Kentucky Officials Warn Equine Owners Conditions Are Ripe for West Nile Activity

    FRANKFURT, Kentucky, March 28, 2012—Kentucky Agriculture Commissioner James Comer issued a warning that weather conditions are ripe for an outbreak of West Nile Virus and cited State Veterinarian Dr. Robert Stout’s advice that Kentucky equine owners should consult their veterinarians about vaccinating their horses against the disease.

    “While we do not wish to cause unnecessary alarm, we are concerned about the equine population’s vulnerability to thispotentially deadly disease,” said Commissioner Comer. “I am confident that Kentucky’s equine owners will act in the best interests of their horses and seek guidance on vaccinations.”

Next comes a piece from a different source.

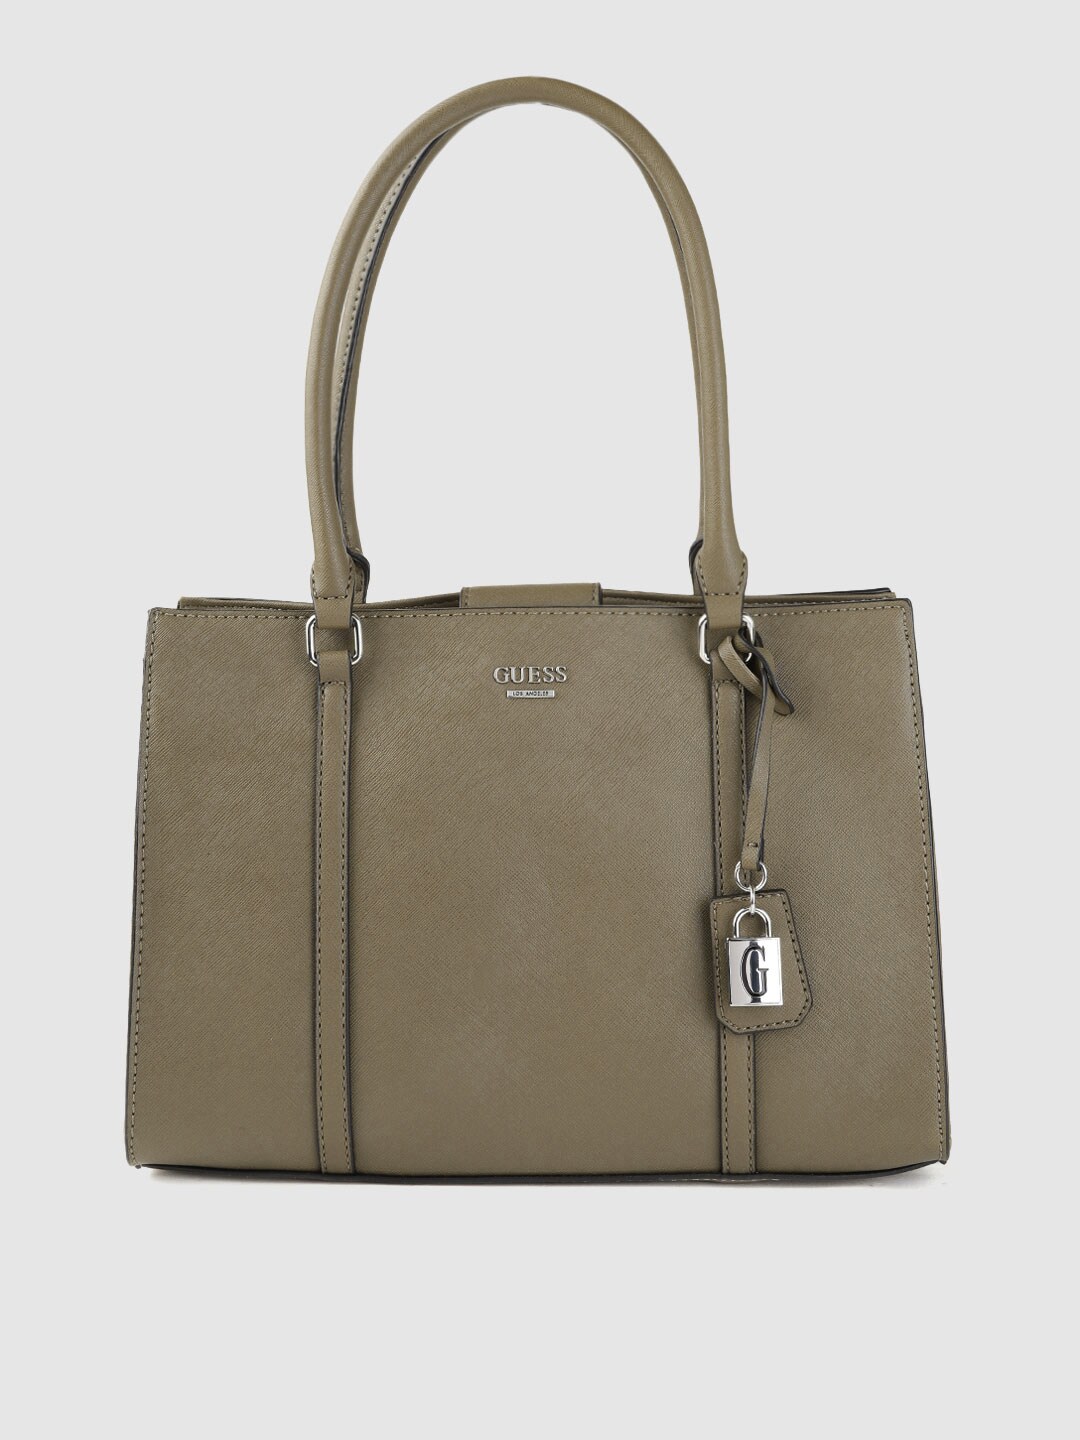 GUESS Women Olive Green Textured Structured Shoulder Bag Price in India

    West Nile is spread by mosquitoes, and mosquitoes thrive in the warm, wet conditions Kentucky has experienced in the last few weeks. No horse in Kentucky that has undergone a full West Nile vaccination regimen is known to have contracted the virus since 2003, according to Dr. Stout. West Nile was first discovered in Kentucky in 2001, and Kentucky experienced 513 equine cases of the disease in 2002 and 102 cases in 2003. Kentucky recorded one equine case in 2011, in Fleming County. 

    West Nile Virus causes encephalitis, or inflammation of the brain, in horses, humans, birds, and other warm-blooded animals. It is transmitted by mosquitoes that acquire it from infected birds. Humans and equine cannot transmit the disease. It was first discovered in the United States in 1999 in New York.